▶ Exercise
Print the data exactly as written, but leave out each picture.

▶ Collected data
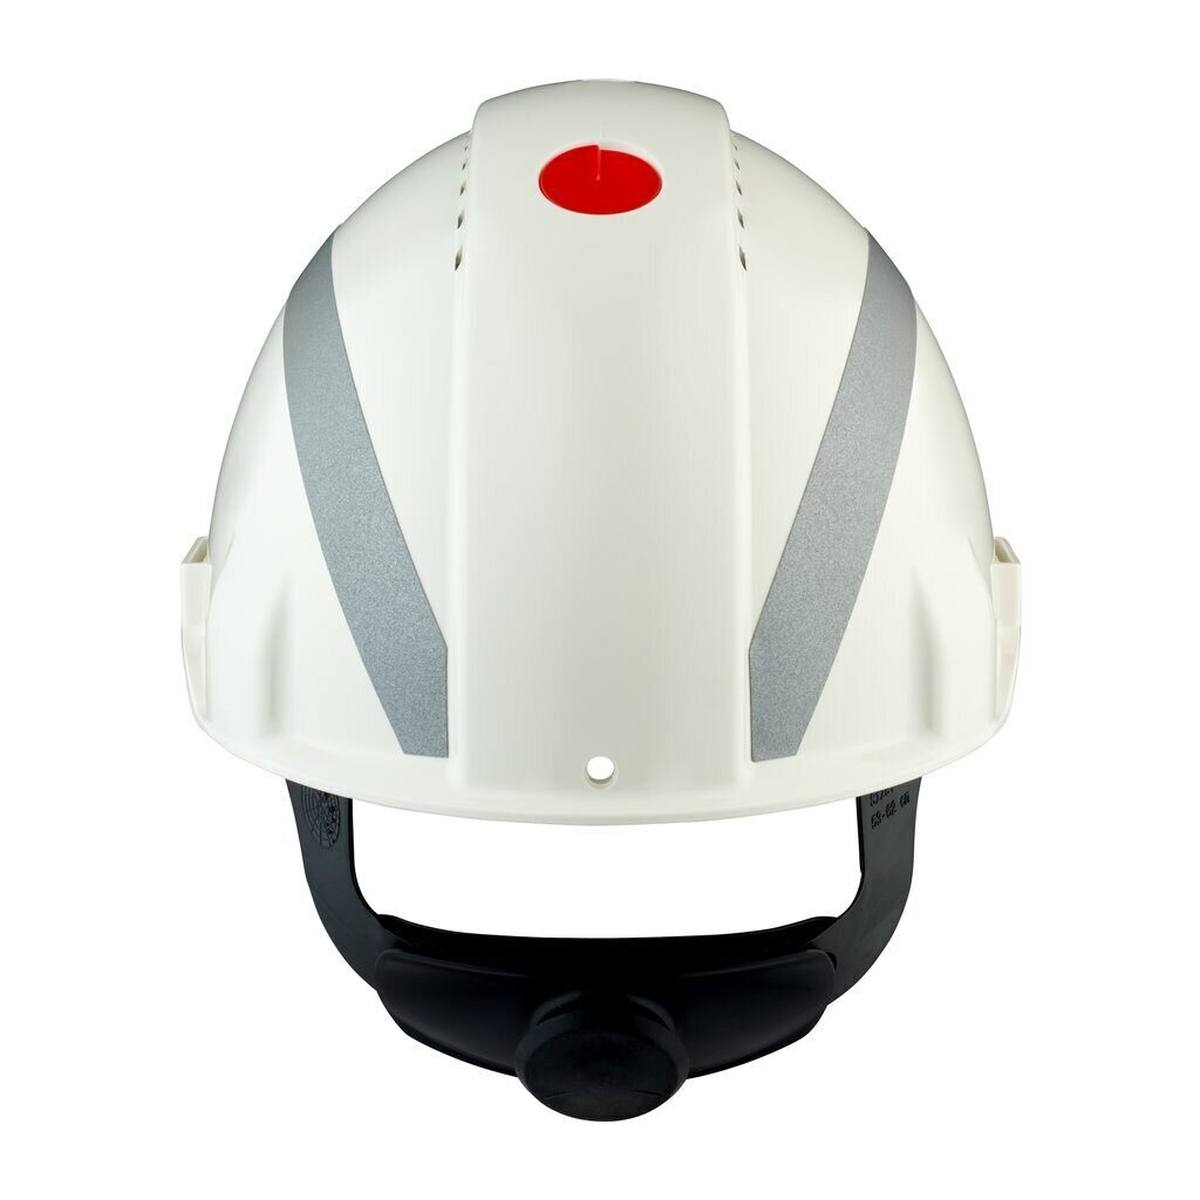 elmetto di sicurezza 3M G3000 con indicatore UV, bianco, ABS, chiusura a cricchetto ventilata, fascia antisudore in plastica, adesivo riflettente
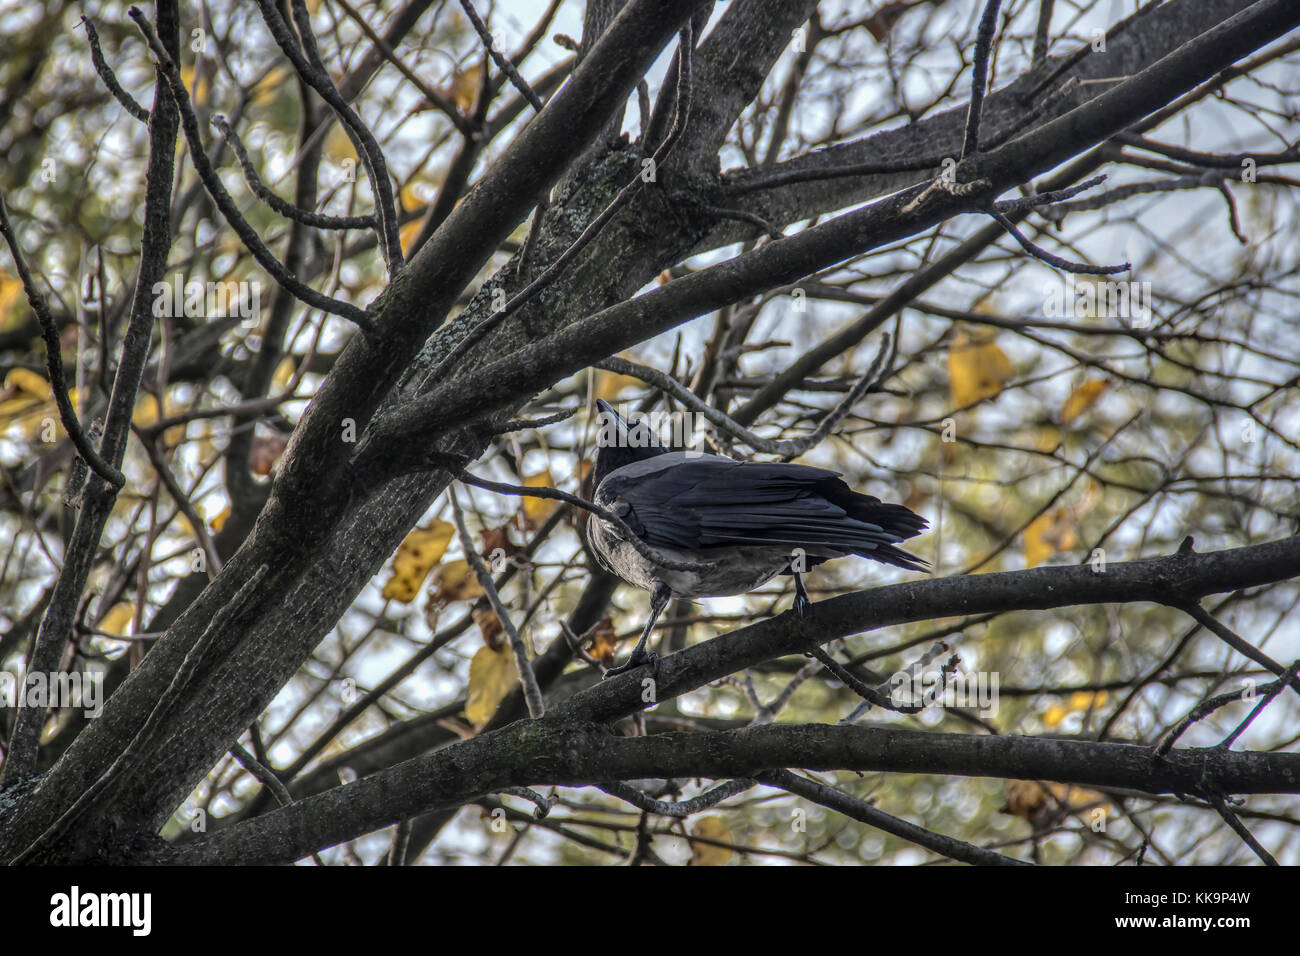 Serbie - hooded crow (corvus cornix) percher sur un arbre haut branch Banque D'Images
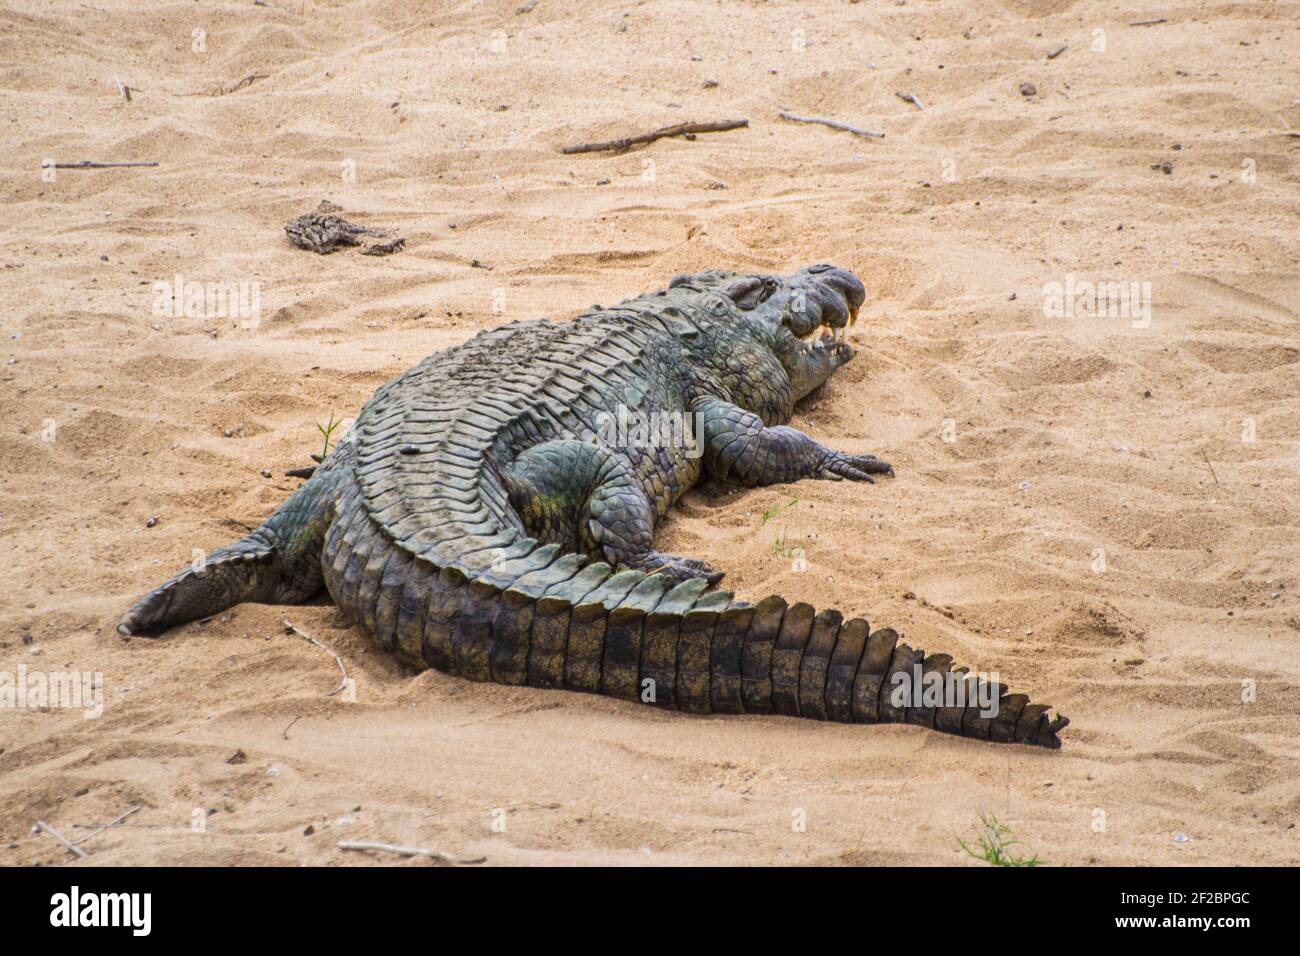 Grand crocodile du Nil dans un lit de rivière au parc national Kruger, Afrique du Sud. Février 2016 Banque D'Images

▶ Response to this exercise
 elmetto di sicurezza 3M G3000 con indicatore UV, bianco, ABS, chiusura a cricchetto ventilata, fascia antisudore in plastica, adesivo riflettente
 Serbie - hooded crow (corvus cornix) percher sur un arbre haut branch Banque D'Images
 Grand crocodile du Nil dans un lit de rivière au parc national Kruger, Afrique du Sud. Février 2016 Banque D'Images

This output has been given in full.